I have the series 1r, 2r^2,3r^3...(or in general nr^n)
what is the sum of this series? Im a bit confused as it is a mixture of an arithmetic series (1,2,3...) and a geometric (r^n)
Thanks for your help
Is...
$\displaystyle \sum_{n=1}^{\infty} n\ r^{n} = r\ \sum_{n=1}^{\infty} n\ r^{n-1} = r\ \frac{d}{d r}\ \sum_{n=1}^{\infty} r^{n} $ (1)
... and, because for $\displaystyle |r|<1$...
$\displaystyle \sum_{n=1}^{\infty} r^{n} = \frac{1}{1-r} - 1 $ (2)
... we have for $\displaystyle |r|<1$ ...
$\displaystyle \sum_{n=1}^{\infty} n\ r^{n} = \frac{r}{(1-r)^{2}}$ (3)
Kind regards
$\displaystyle \chi$ $\displaystyle \sigma$
You can get to a standard geometric series as follows....
$\displaystyle S_n=r+2r^2+3r^3+.....+nr^n$
$\displaystyle rS_n=r^2+2r^3+3r^4+....+nr^{n+1}$
$\displaystyle S_n-rS_n=r+r^2+r^3+....r^n-nr^{n+1}$
$\displaystyle S_n(1-r)=\left(r+r^2+r^3+...+r^n\right)-nr^{n+1}$
The geometric series in brackets can now be evaluated
and hence a closed form for the sum can be found.
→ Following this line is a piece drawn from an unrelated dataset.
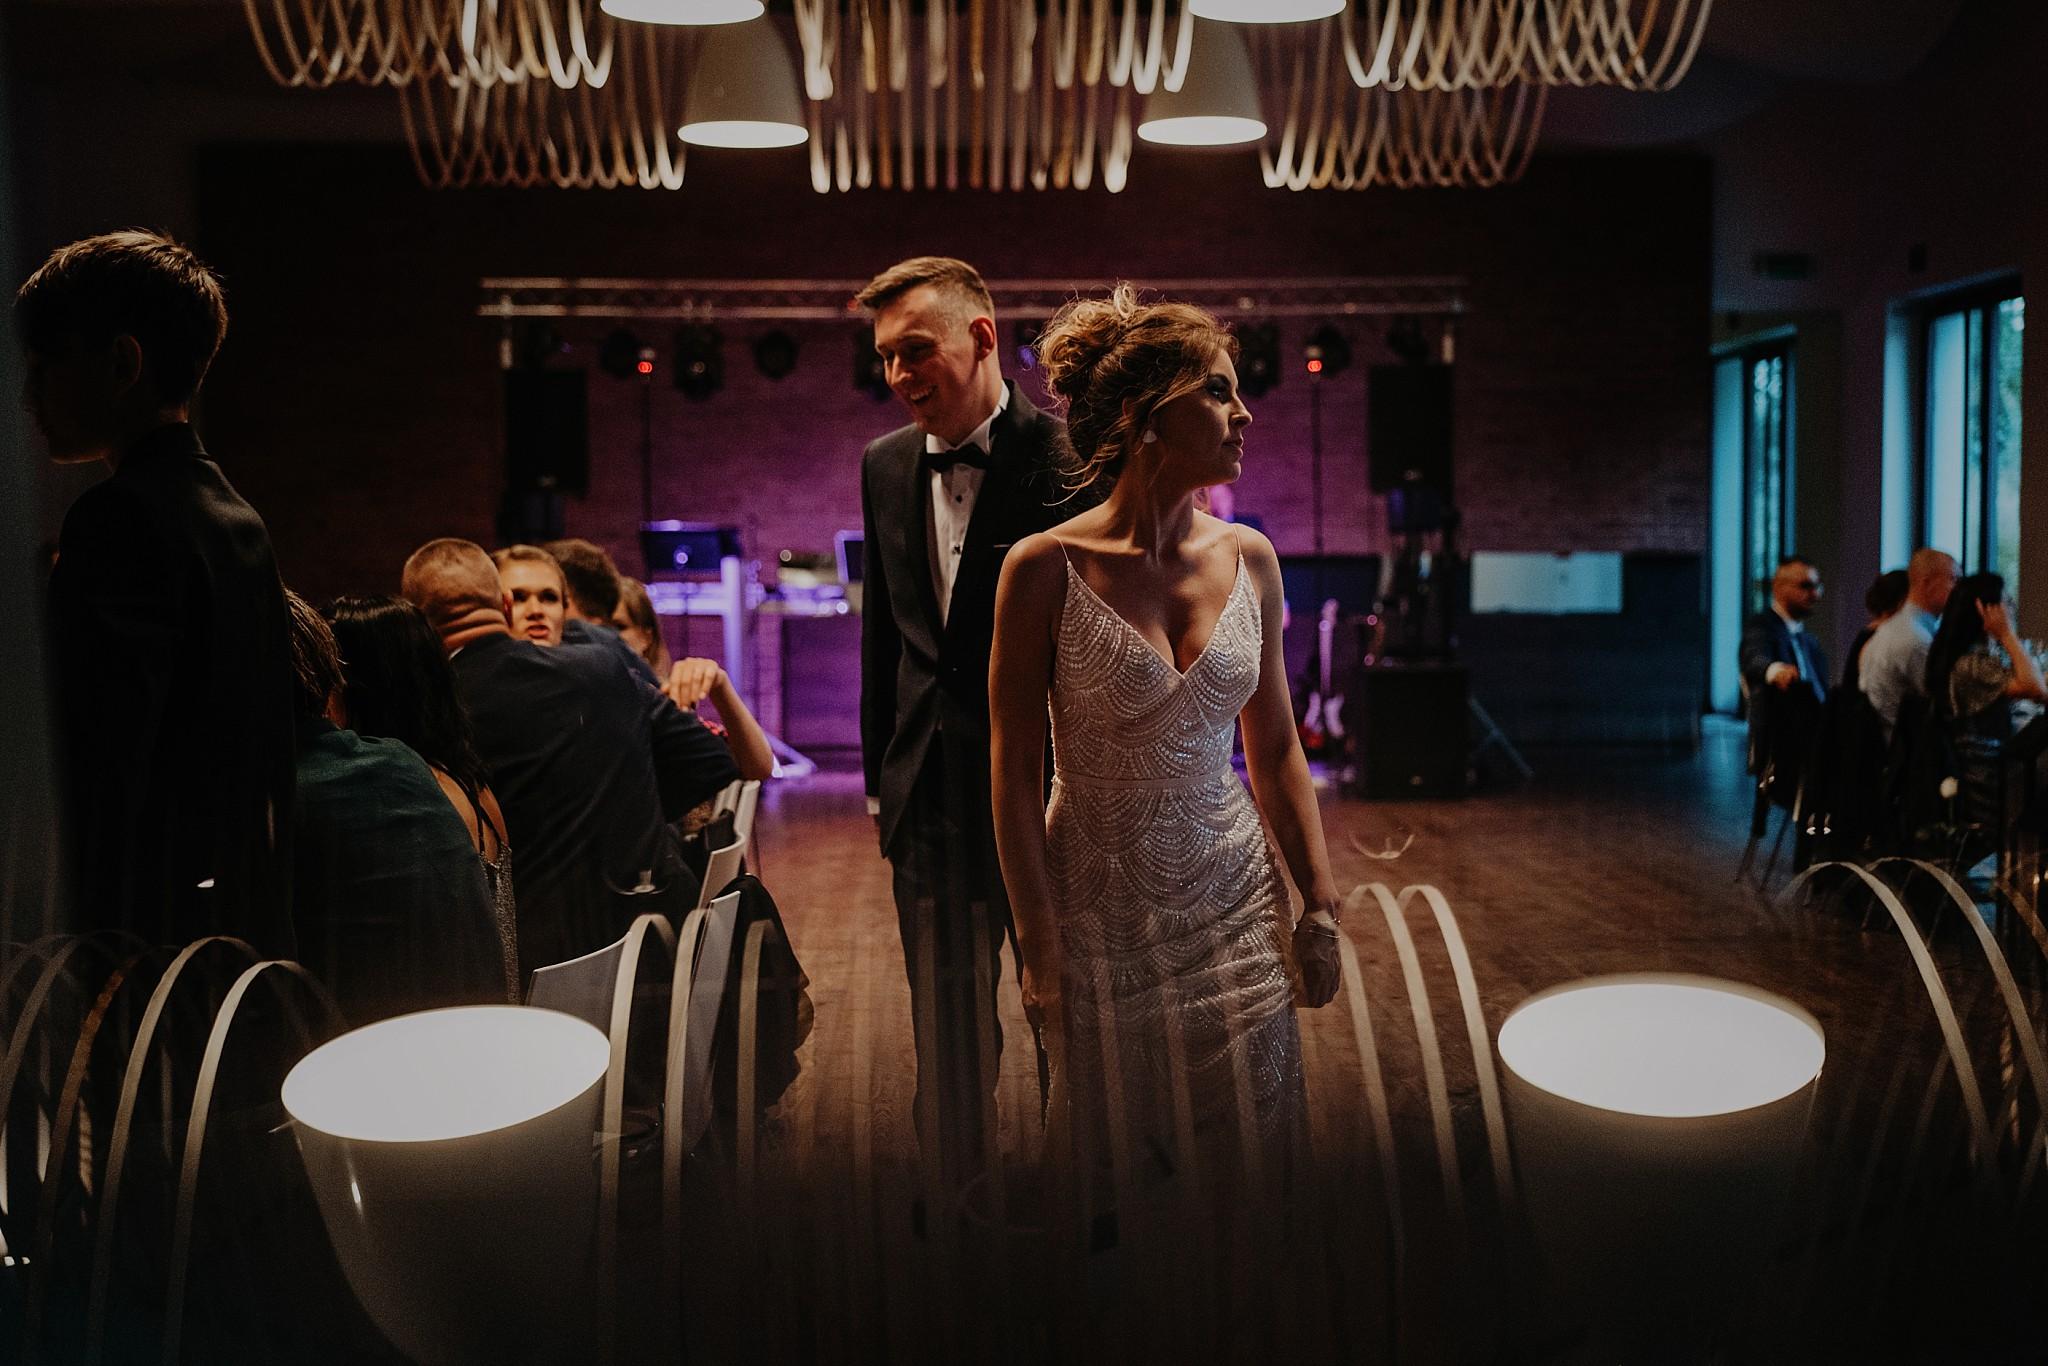 fotograf poznan wesele dobra truskawka piekne wesele pod poznaniem wesele w dobrej truskawce piekna para mloda slub marzen slub koronawirus slub listopad wesele koronawirus 328

Another way: denoting $\displaystyle S=r+2r^2+3r^3+\ldots\quad$ , we have $\displaystyle rS=r^2+2r^3+3r^3+\ldots$ . This implies
$\displaystyle (1-r)S=r+r^2+r^3+\ldots=\dfrac{1}{1-r}-1=\dfrac{r}{1-r}\quad (|r|<1)$
So, $\displaystyle S=\dfrac{r}{(1-r)^2}$
Edited: Sorry, I didn't see Archie Meade's post